Fine-Grained Visual Categorization by Localizing Object Parts With Single Image

Data:27-05-2021  |  【 A  A  A 】  |  【Print】 【Close

Zheng, Xiangtao; Qi, Lei; Ren, Yutao; Lu, Xiaoqiang

Fine-grained visual categorization (FGVC) refers to assigning fine-grained labels to images which belong to the same base category. Due to the high inter-class similarity, it is challenging to distinguish fine-grained images under different subcategories. Recently, researchers have proposed to firstly localize key object parts within images and then find discriminative clues on object parts. To localize object parts, existing methods train detectors for different kinds of object parts. However, due to the fact that the same kind of object part in different images often changes intensely in appearance, the existing methods face two shortages: 1) Training part detector for object parts with diverse appearance is laborious; 2) Discriminative parts with unusual appearance may be neglected by the trained part detectors. To localize the key object parts efficiently and accurately, a novel FGVC method is proposed in the paper.
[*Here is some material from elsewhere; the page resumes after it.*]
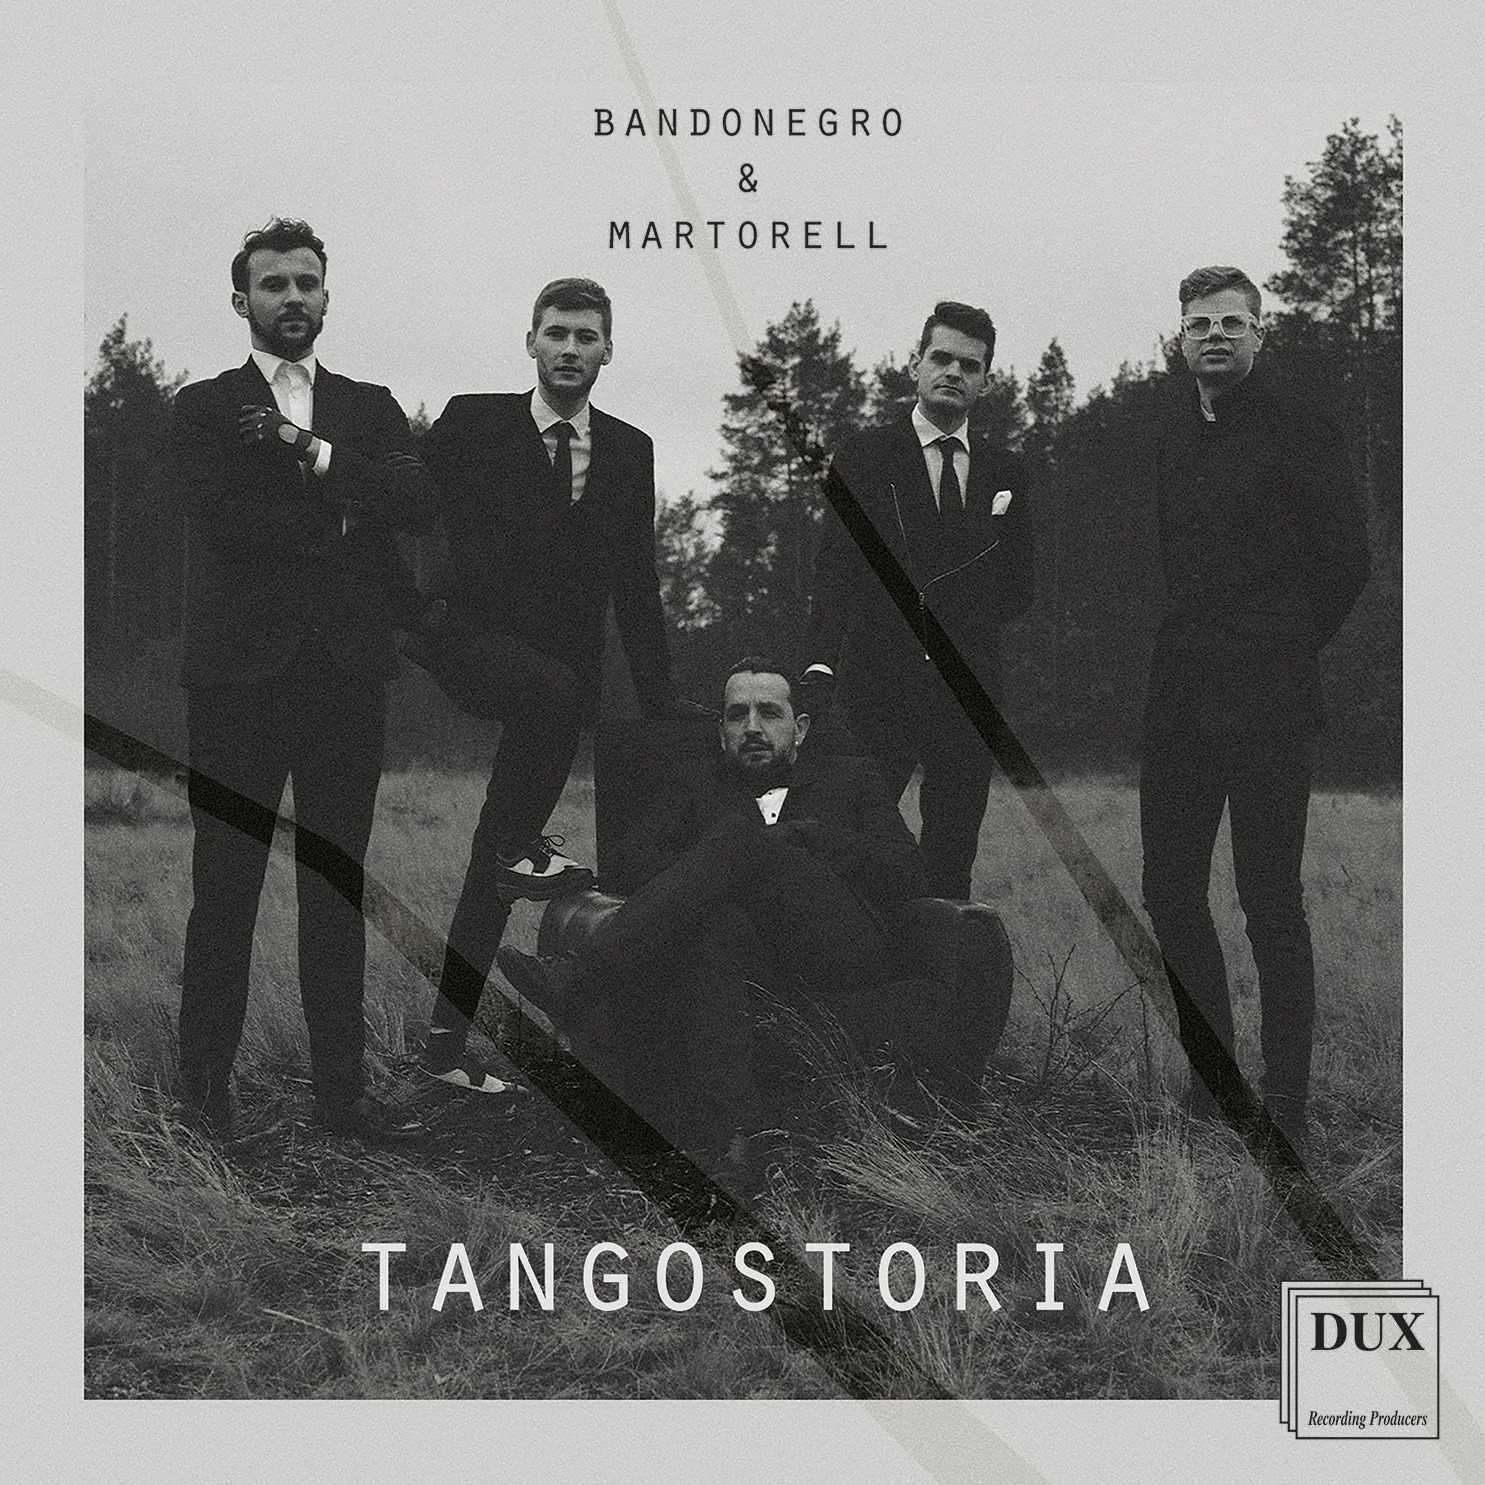 First impressions: Tangostoria by Bandonegro

The main novelty is that the proposed method localizes the key object parts within each image only depending on a single image and hence avoid the influence of diversity between parts in different images. The proposed FGVC method consists of two key steps. Firstly, the proposed method localizes the key parts in each image independently. To this end, potential object parts in each image are identified and then these potential parts are merged to generate the final representative object parts. Secondly, two kinds of features are extracted for simultaneously describing the discriminative clues within each part and the relationship between object parts. In addition, a part based dropout learning technique is adopted to boost the classification performance further in the paper. The proposed method is evaluated in comparison experiments and the experiment results show that the proposed method can achieve comparable or better performance than state-of-the-art methods.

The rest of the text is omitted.